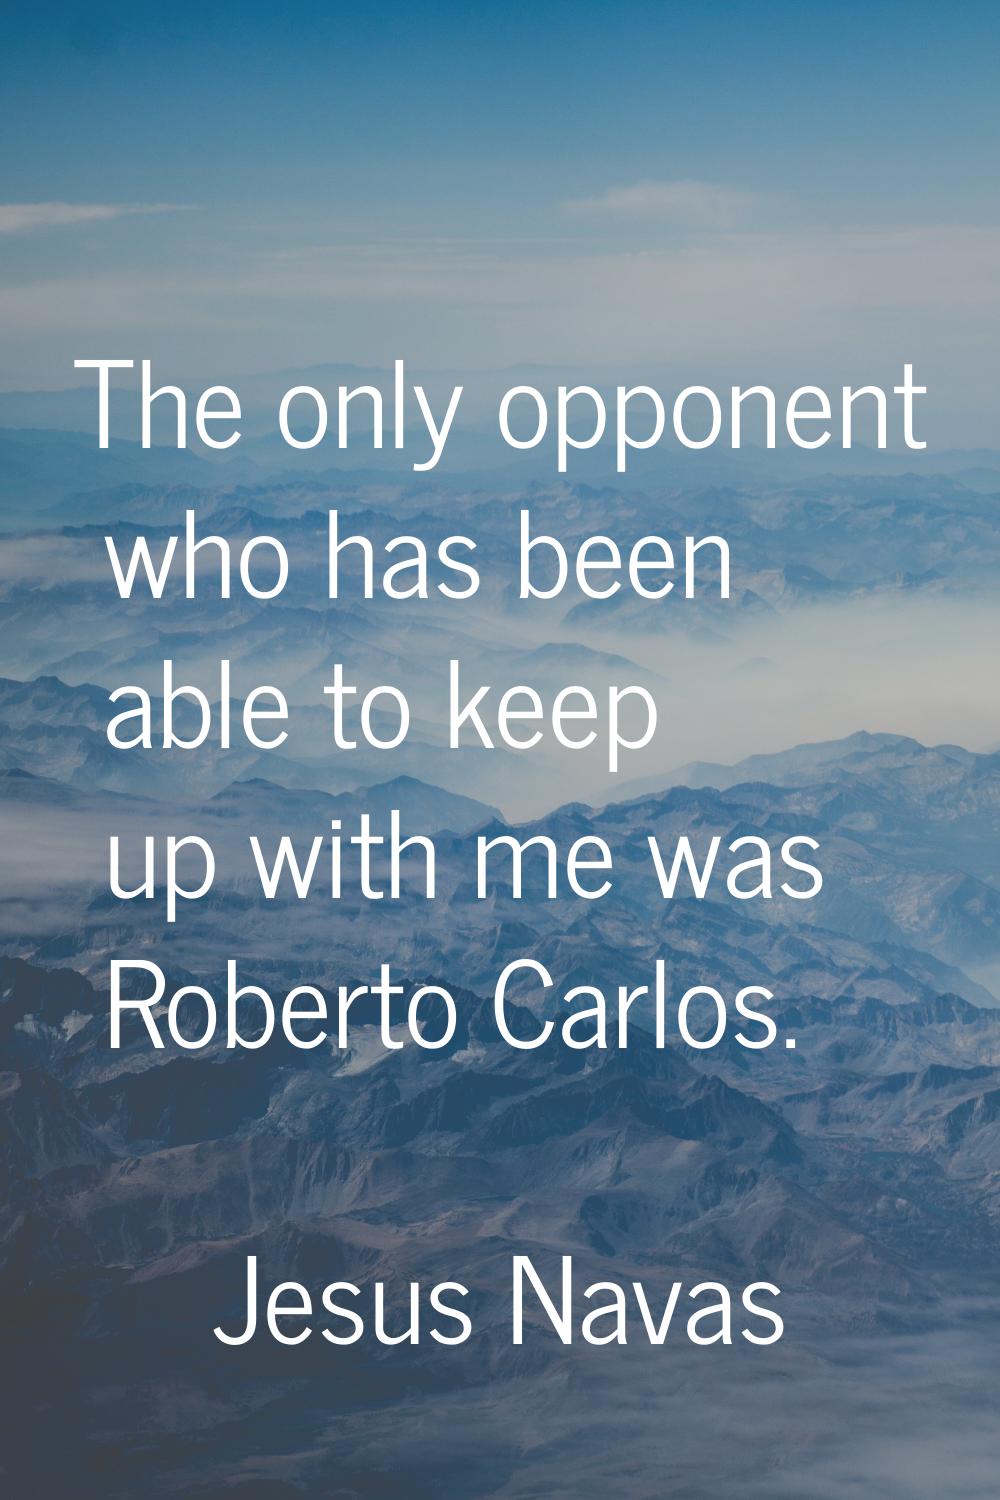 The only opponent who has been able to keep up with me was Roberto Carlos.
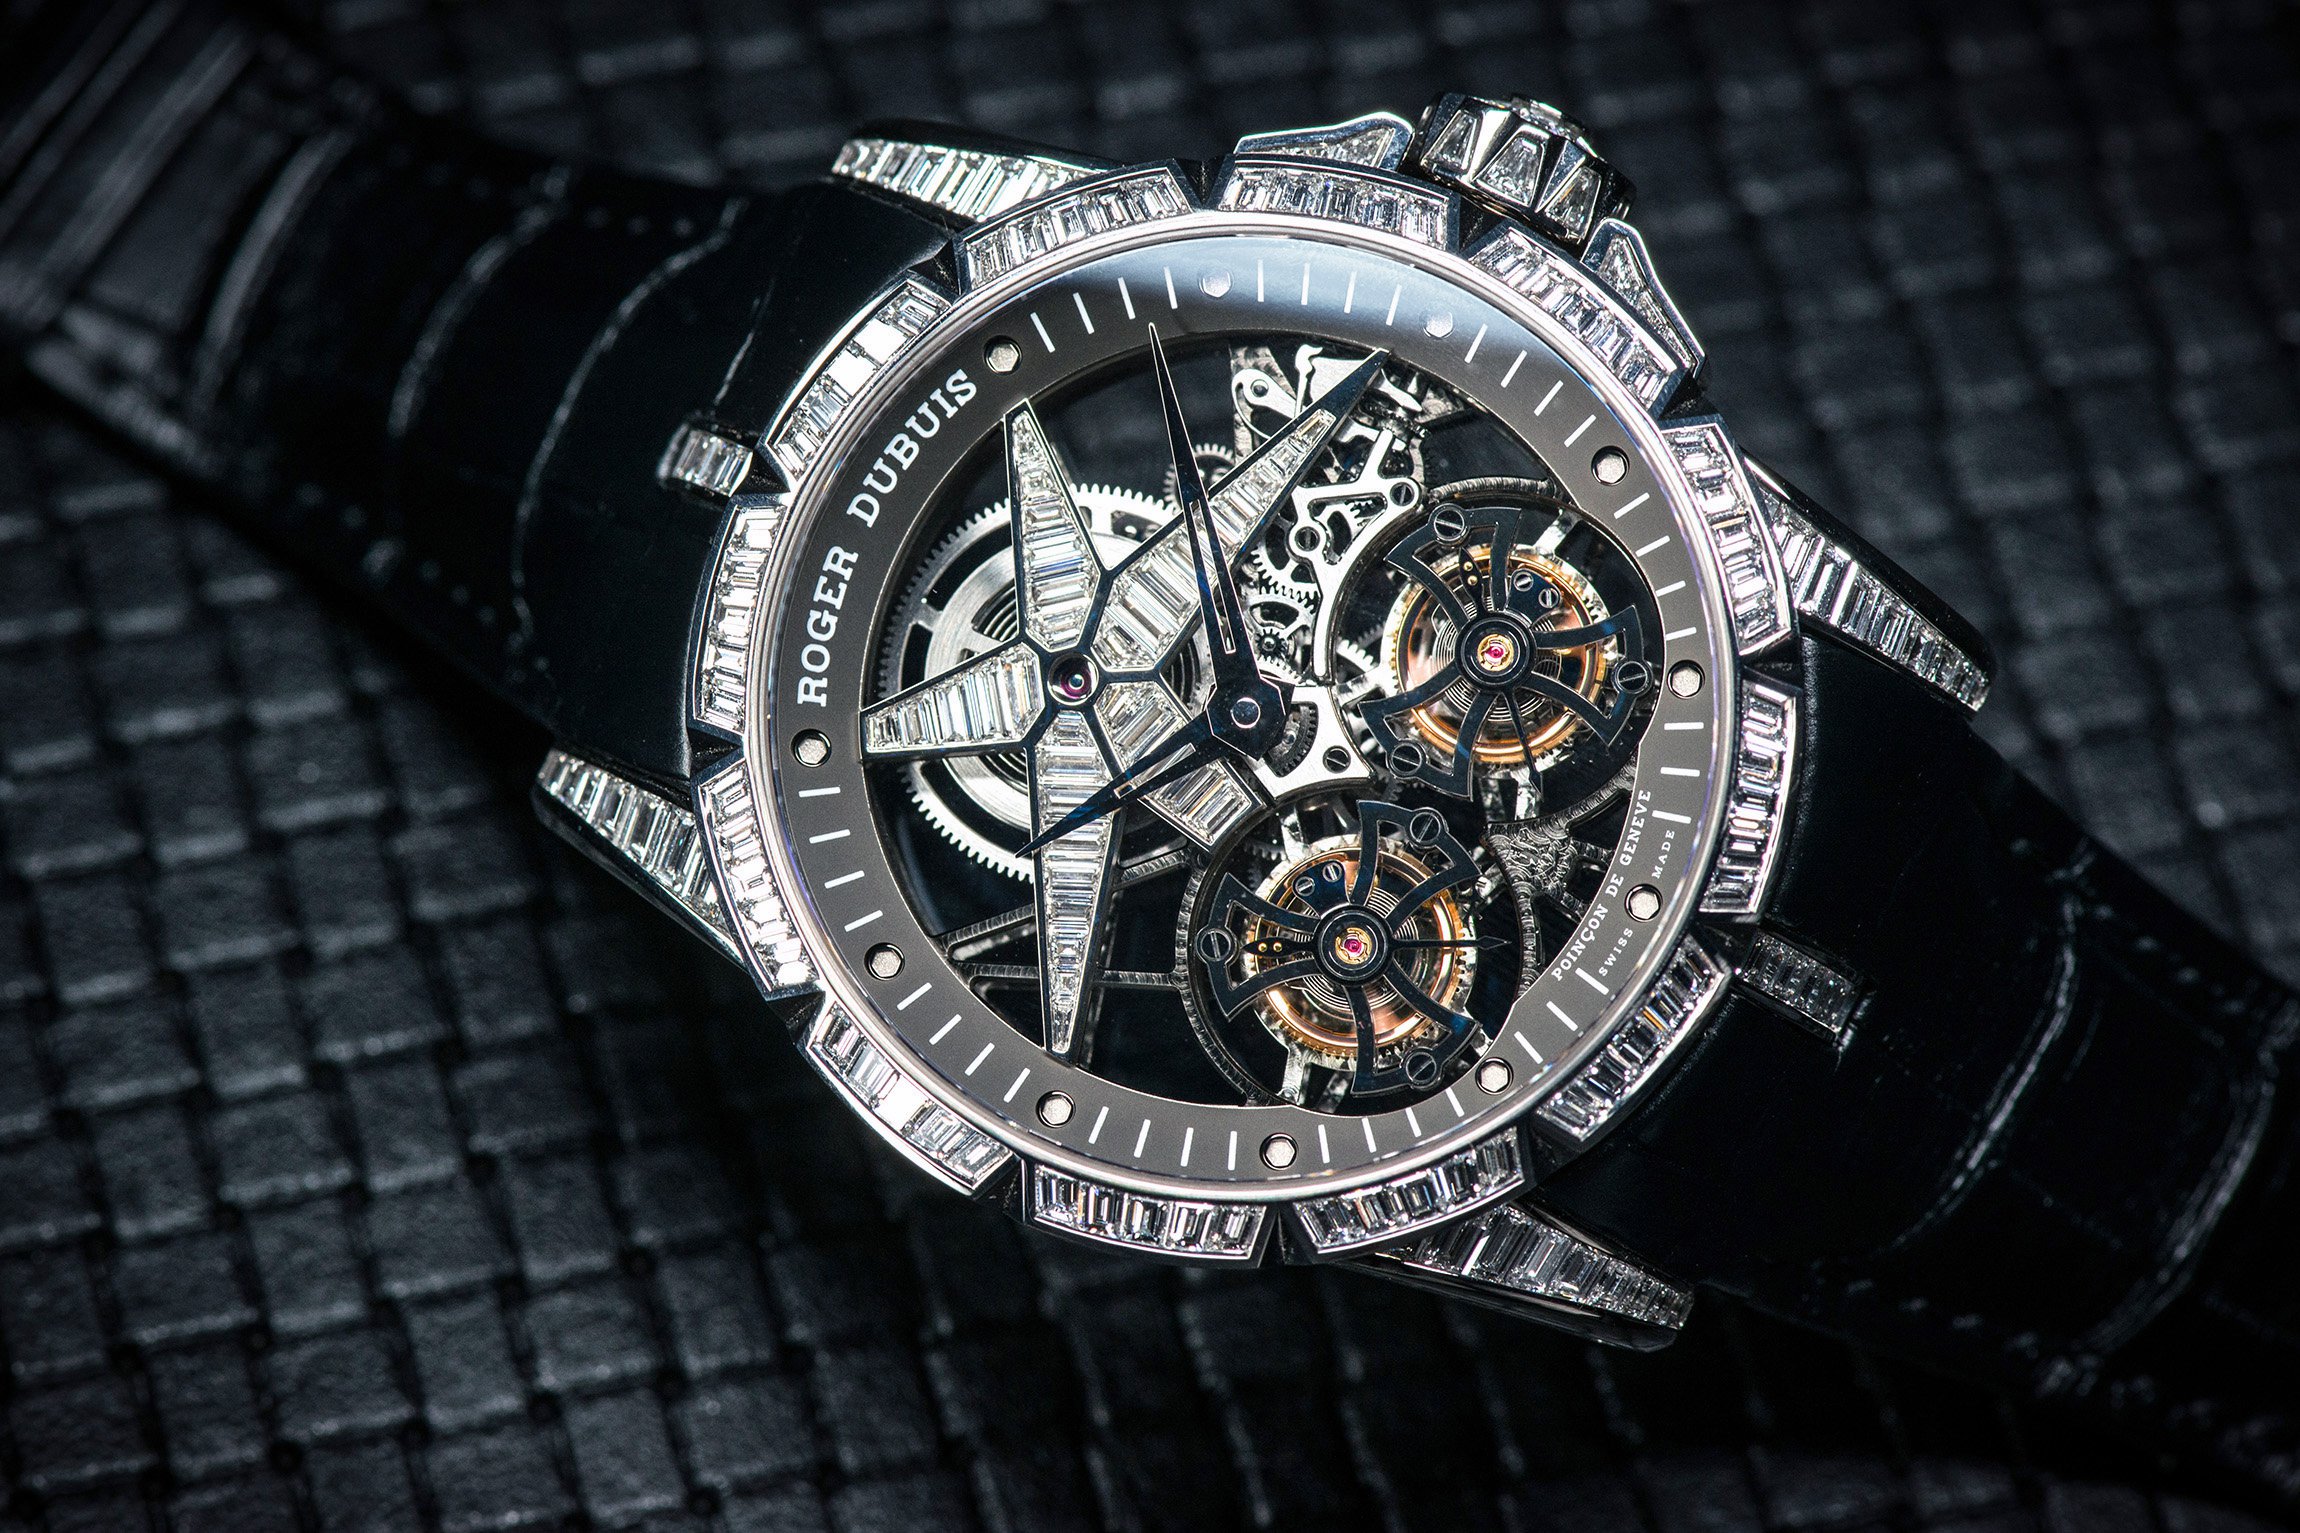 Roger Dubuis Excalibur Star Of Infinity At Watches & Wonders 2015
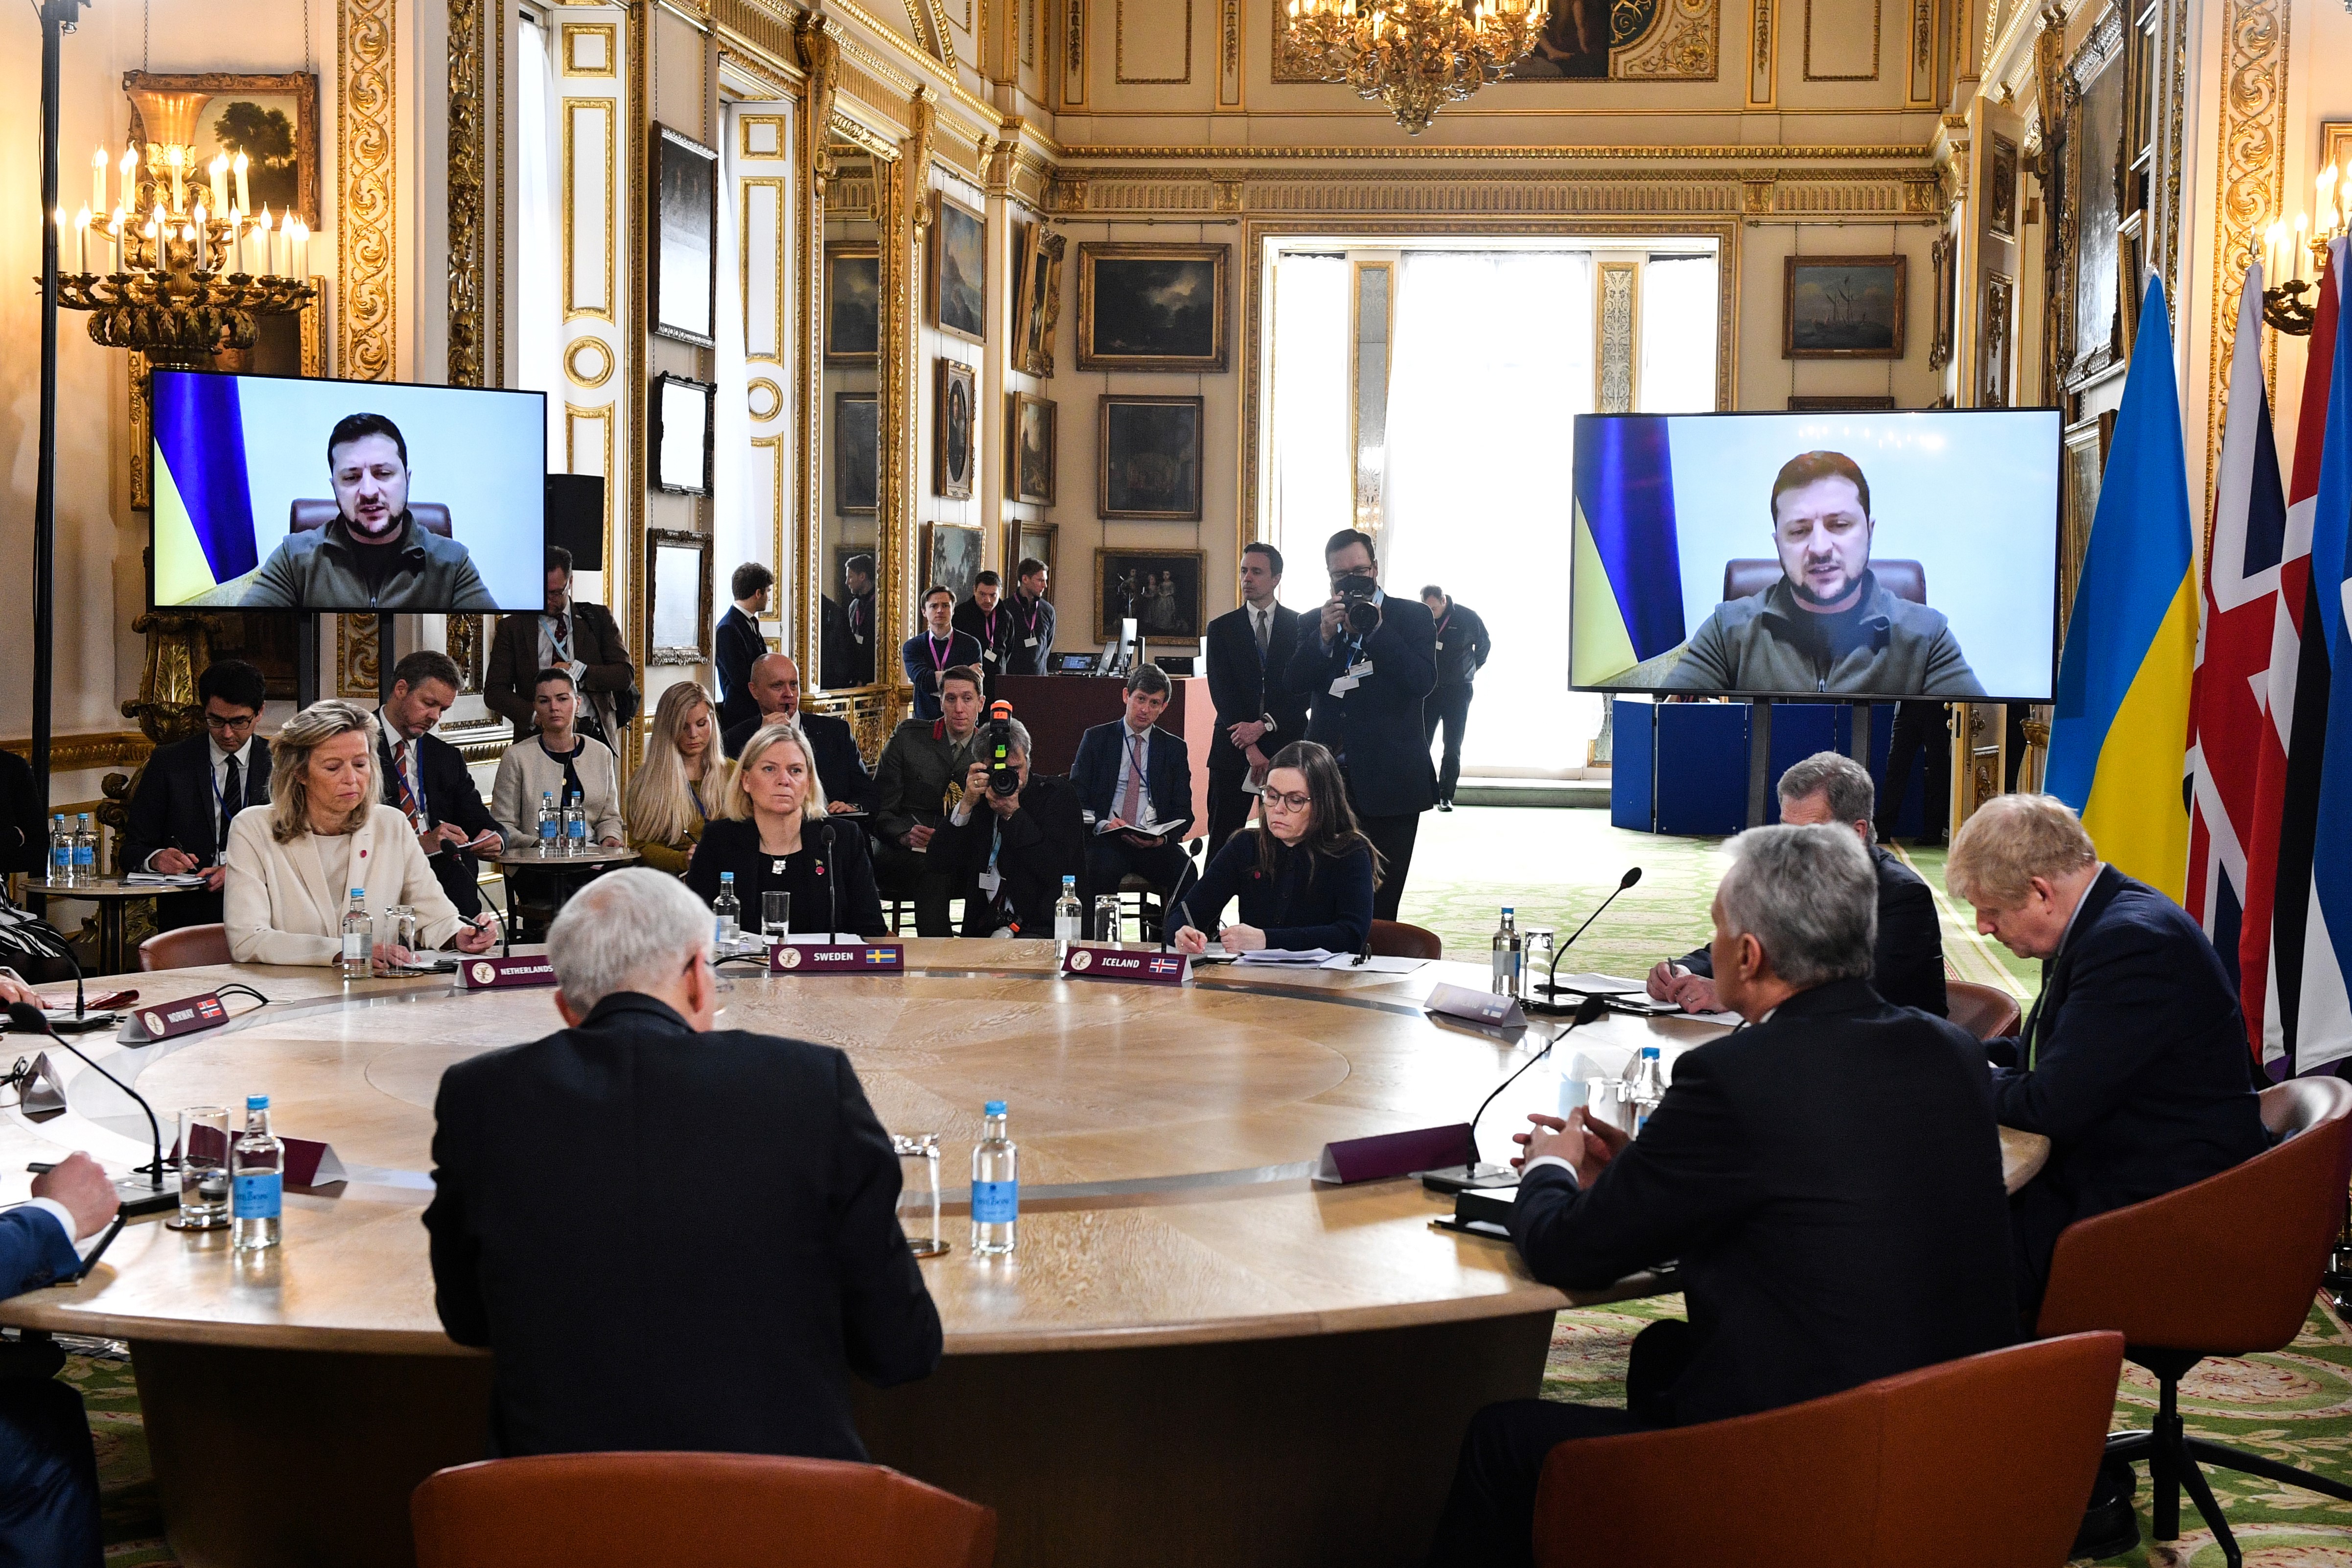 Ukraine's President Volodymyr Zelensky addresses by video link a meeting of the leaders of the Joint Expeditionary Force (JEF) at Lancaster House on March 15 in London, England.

### Task directions
Would you return the data exactly as written, without the pictures?

### Solved problem
 The only opponent who has been able to keep up with me was Roberto Carlos.
 Roger Dubuis Excalibur Star Of Infinity At Watches & Wonders 2015
 Ukraine's President Volodymyr Zelensky addresses by video link a meeting of the leaders of the Joint Expeditionary Force (JEF) at Lancaster House on March 15 in London, England.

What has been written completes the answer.